Behavioral characteristics can include ADD, ADHD, autism and autistic behaviors, social anxiety, hand-biting and/or flapping, poor eye contact, sensory disorders, and increased risk for aggression.
Intellectual disabilities in FXS include a range from moderate learning disabilities to more severe intellectual disabilities. The majority of males with Fragile X syndrome demonstrate significant intellectual disability.

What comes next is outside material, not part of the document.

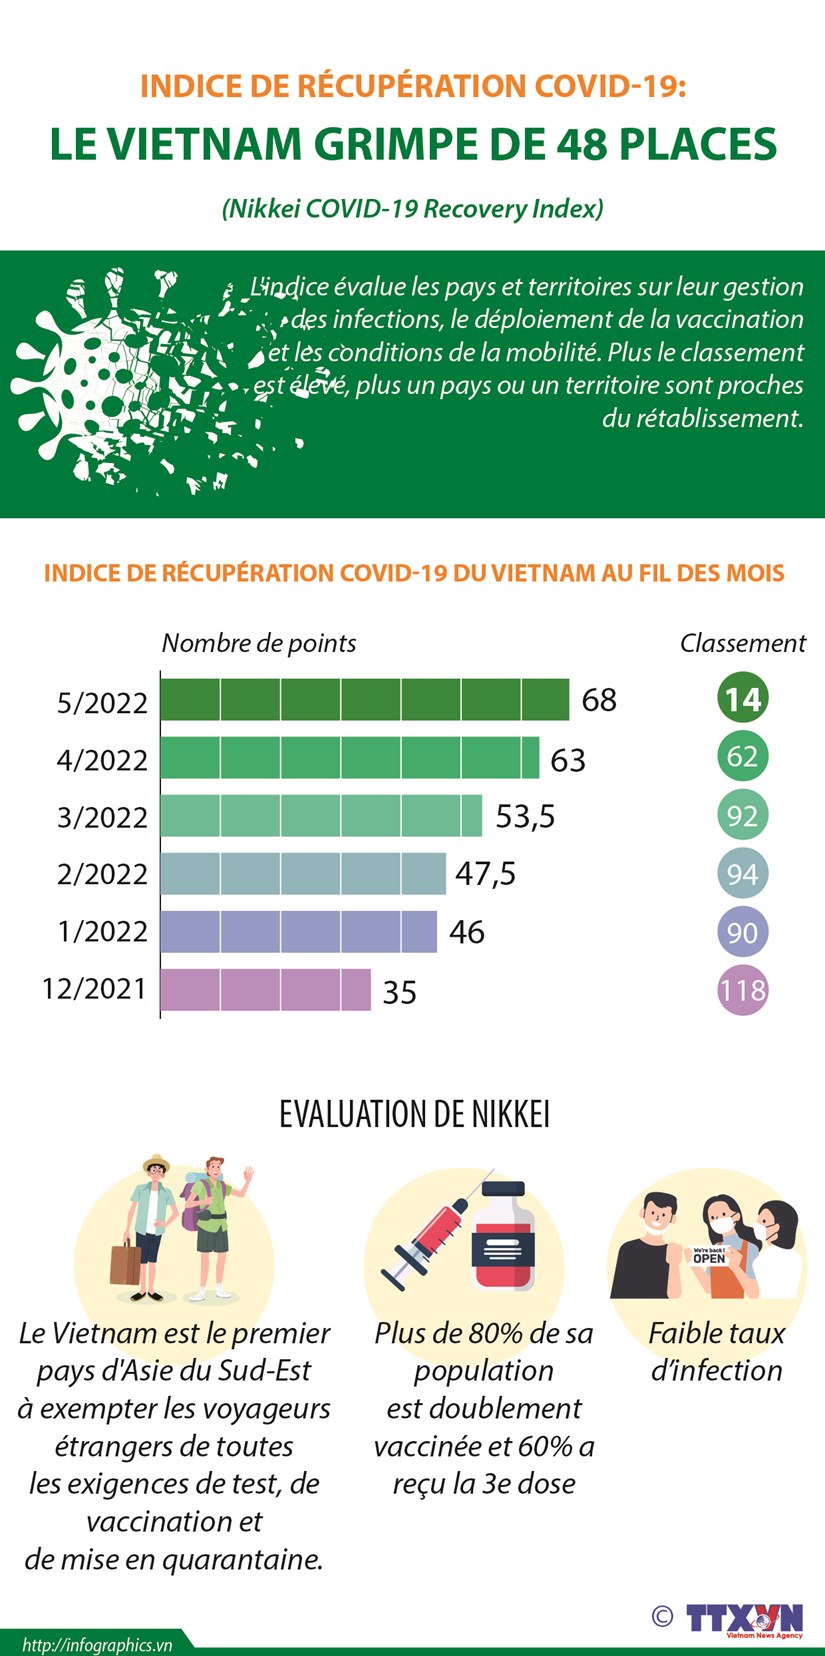 Indice de recuperation COVID-19: le Vietnam grimpe de 48 places hinh anh 1

Physical features may include large ears, long face, soft skin, and large testicles (called “macroorchidism”) in post-pubertal males. Connective tissue problems may include ear infections, flat feet, high arched palate, double-jointed fingers, and hyper-flexible joints. No one individual will have all the features of FXS, and some features, such as a long face and macroorchidism, are more common after puberty.
Disposition: They are also very social and friendly, have excellent imitation skills, have a strong visual memory/long term memory, like to help others, are nice, thoughtful people, and have a wonderful sense of humor.
Behavioral characteristics seen in males can also be seen in females, though females often have milder intellectual disability and a milder presentation of the syndrome’s behavioral and physical features.
Intellectual disabilities: About one-third of females with FXS have a significant intellectual disability. Others may have moderate or mild learning disabilities, emotional/mental health issues, general anxiety, and/or social anxiety.
A small percentage of females who have the full mutation of the FMR1 gene that causes FXS will have no apparent signs of the condition—intellectual, behavioral, or physical. These females are often identified only after another family member has been diagnosed.